Eu não creio que seja de todo impossível. A sanguinolência e a vivacidade nas batalhas eu consigo ver bem nitidamente, bastando observar os contra-ataques dos portugueses para com os mouros (na primeira vez que li cheguei até mesmo a me perguntar: necessitava-se disso tudo?). O caráter mitológico não suscita muitas dúvidas: temos deuses pagãos numa época onde o cristianismo estava bem consolidado... Esses deuses atuam sobre a vida dos lusíadas da mesma forma que atuavam sobre os eneiadas; mas é essa diferença histórica que faz do relato dos Lusíadas tão próximo da Iliada ou da Odisseia.
O caráter humanístico eu não julgo de fato existir: os lusíadas estão mais próximos dos eneiadas do que dos gregos ou dos troianos... O destino dos lusíadas, o fardo que eles carregam nas costas, é maior que o dos companheiros de Eneias. Este sente saudade de sua Troia e, em dado momento da Eneida, chega até mesmo a fundar uma cidade e viver nela julgando estar na "terra prometida". Os portugueses, em contrapartida, são como se fossem meros bonecos ou fantoches dos deuses; são mais honrosos, sob certa ótica, pois provavelmente não parariam numa ilha qualquer e achariam que esta é a terra obstinada. Estão mais próximos dos valores heroicos da Iliada que dos valores da Eneida, que são mais humanos: Vasco não choraria se porventura tivesse que abandonar sua esposa ou seu filho assim como Eneias chorou...
Camões quis engrandecer o homem português e Virgílio quis simplesmente engrandecer o homem. A diferença é que esse homem virgiliano é mais palpável e mais próximo de nós que o homem camoniano que se aproxima do homem homérico, em seus valores e idealizações. O homem camoniano, o homem homérico é um heroi, um mártir.

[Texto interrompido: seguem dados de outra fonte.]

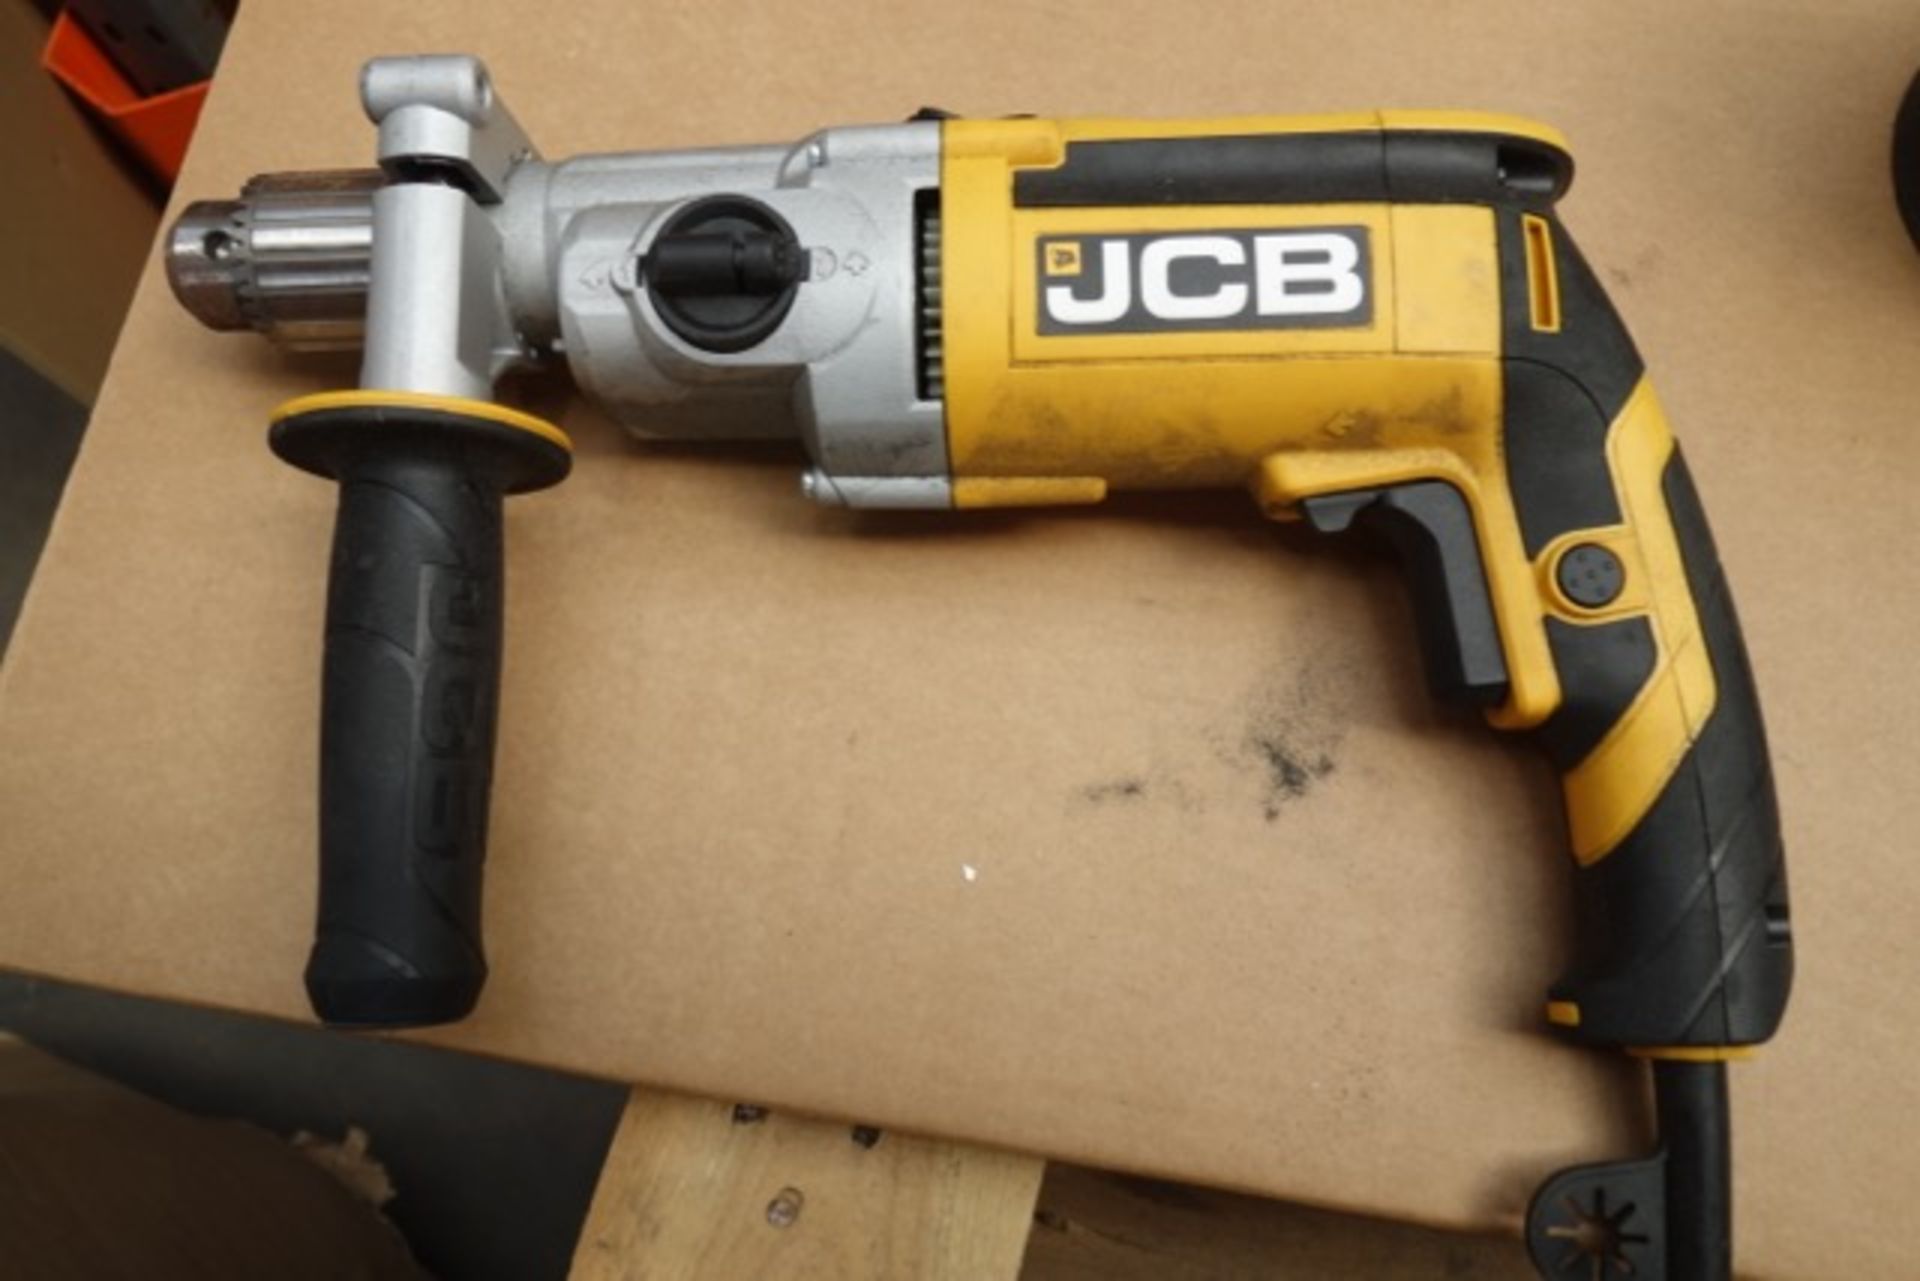 (D13) JCB 900w Hammer Drill. Note: Ex-display item, power cord has been cut.

O homem virgiliano, por mais que tente, não consegue alcançar um nível de desconfiguração tão grande.
António José Saraiva, alinhado às teses do marxismo, lamentou a falta de substância dos seus personagens, que para ele são mais estereótipos do que pessoas reais, não são heróis de carne e osso, e carecem de robustez e vigor. (Wikipedia)
O que pode ser contestado, visto que o homem o qual José Saraiva se refere é provavelmente o homem moderno, o homem virgiliano; ao passo que o homem camoniano/homérico é feito em moldes clássicos...
Hegel, embora elogiando várias qualidades d' Os Lusíadas, criticou a incongruência entre o tema nacionalista e o uso de modelos formais clássicos e italianos, além de apontar uma presença excessiva da voz pessoal do poeta, em várias passagens em que usa a primeira pessoa do singular para tecer uma variedade de comentários, interrompendo o fluxo da ação épica. (Wikipedia)
A justificativa disso, pra mim, se encontra em:
Sérgio Buarque de Holanda disse que as cores épicas com que Camões pintou os feitos lusitanos não correspondem tanto a "uma aspiração generosa e ascendente", mas espelham antes uma retrospeção melancólica da glória extinta que mais desfigurou do que fixou a verdadeira fisionomia moral dos agentes da expansão marítima. (Wikipedia)
Coisa que concordo: Camões pintou um Portugal de seus sonhos, o que não desmerece o relato épico do nosso grande poeta, visto que o grego de Homero ou o romano de Virgílio ou a Beatriz de Dante são igualmente sonhados e idealizados... Vejo inclusive como sendo um ingrediente fundamental da poesia épica: o sonho do artista, a visão do artista.